Comparison to other proposed qemu features that solve the same problem

Snapshots and Snapshots2

snapshots
snapshots2
In both of these proposals, the original virtual disk is made read-only and the VM writes to a different COW file. After backup of the original virtual disk file is complete, the COW file is merged with the original vdisk file.

Instead, I create an Original-Blocks-COW-file to store the original blocks that are overwritten by the VM everytime the VM performs a write while the backup is in progress. Livebackup copies these underlying blocks from the original virtual disk file before the VM's write to the original virtual disk file is scheduled. The advantage of this is that there is no merge necessary at the end of the backup, we can simply delete the Original-Blocks-COW-file.

Here's Stefan Hajnoczi's feedback (Thanks, Stefan)
Here's what I understand: 1. User takes a snapshot of the disk, QEMU creates old-disk.img backed by the current-disk.img. 2. Guest issues a write A. 3. QEMU reads B from current-disk.img. 4. QEMU writes B to old-disk.img. 5. QEMU writes A to current-disk.img. 6. Guest receives write completion A. The tricky thing is what happens if there is a failure after Step 5. If writes A and B were unstable writes (no fsync()) then no ordering is guaranteed and perhaps write A reached current-disk.img but write B did not reach old-disk.img. In this case we no longer have a consistent old-disk.img snapshot - we're left with an updated current-disk.img and old-disk.img does not have a copy of the old data.
The solution is to fsync() after Step 4 and before Step 5 but this will hurt performance. We now have an extra read, write, and fsync() on every write.

Failure Scenarios

qemu crashes during normal operation of the VM

When this happens, the livebackup_client is forced to do a full backup the next time around. Here's how: livebackup writes out the in-memory dirty bitmap to a dirty bitmap file only at the time of orderly shutdown of qemu. Hence, the mtime of the virtual disk file is later than the mtime of the livebackup dirty bitmap file. This causes livebackup to consider the dirty bitmap invalid, and forces the livebackup_client to do a full backup next time around.

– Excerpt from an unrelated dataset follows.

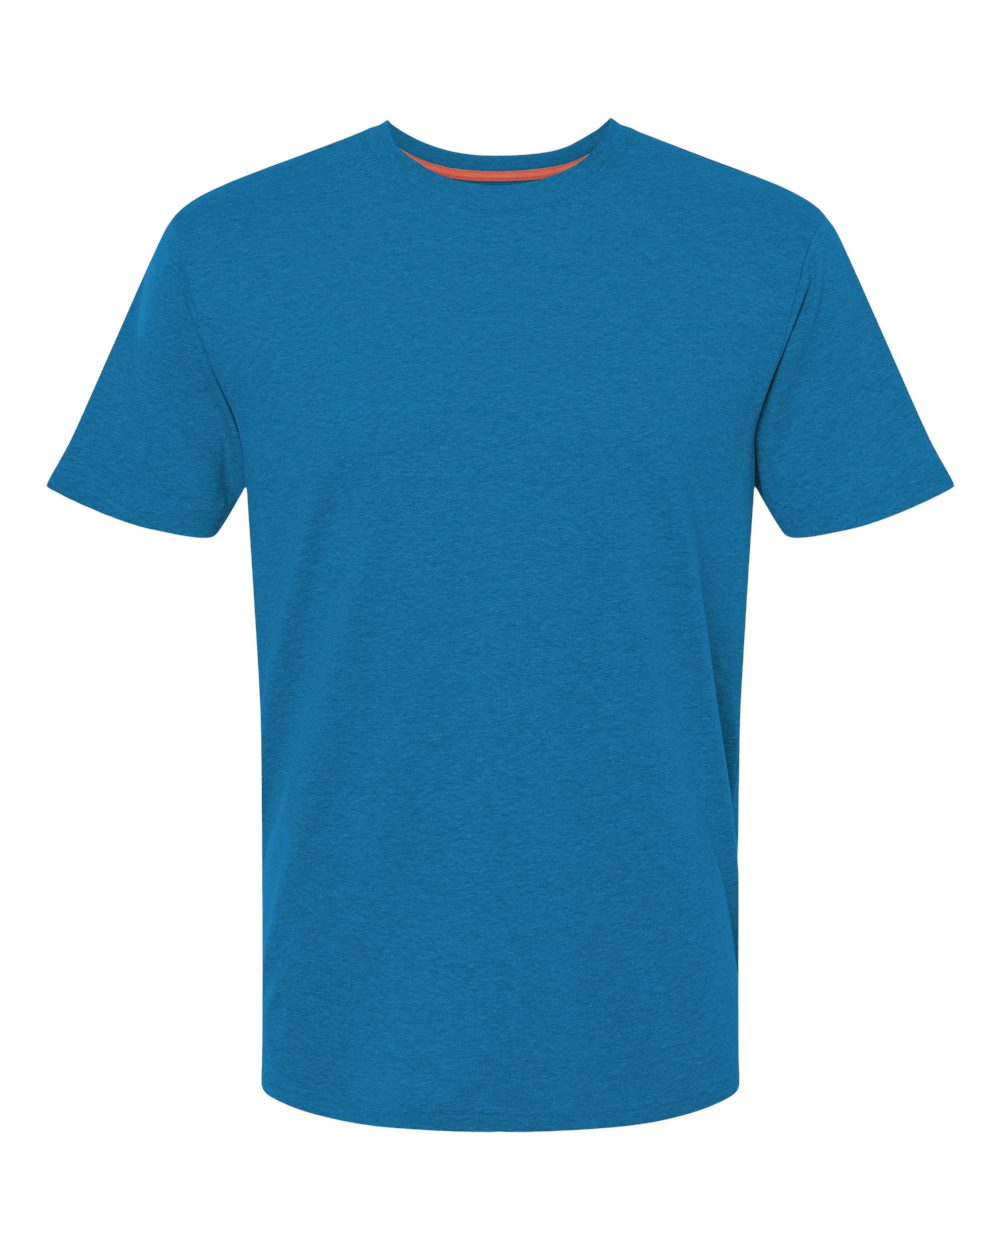 Customizable kastlfel recycledsoft t-shirt Breaker Blue

Other technologies that may be used to solve this problem

LVM snapshots

It is possible to create a new LVM partition for each virtual disk in the VM. When a VM needs to be backed up, each of these LVM partitions is snapshotted. At this point things get messy - I don't really know of a good way to identify the blocks that were modified since the last backup. Also, once these blocks are identified, we need a mechanism to transfer them over a TCP connection to the backup server. Perhaps a way to export the 'dirty blocks' map to userland and use a deamon to transfer the block. Or maybe a kernel thread capable of listening on TCP sockets and transferring the blocks over to the backup client (I don't know if this is possible).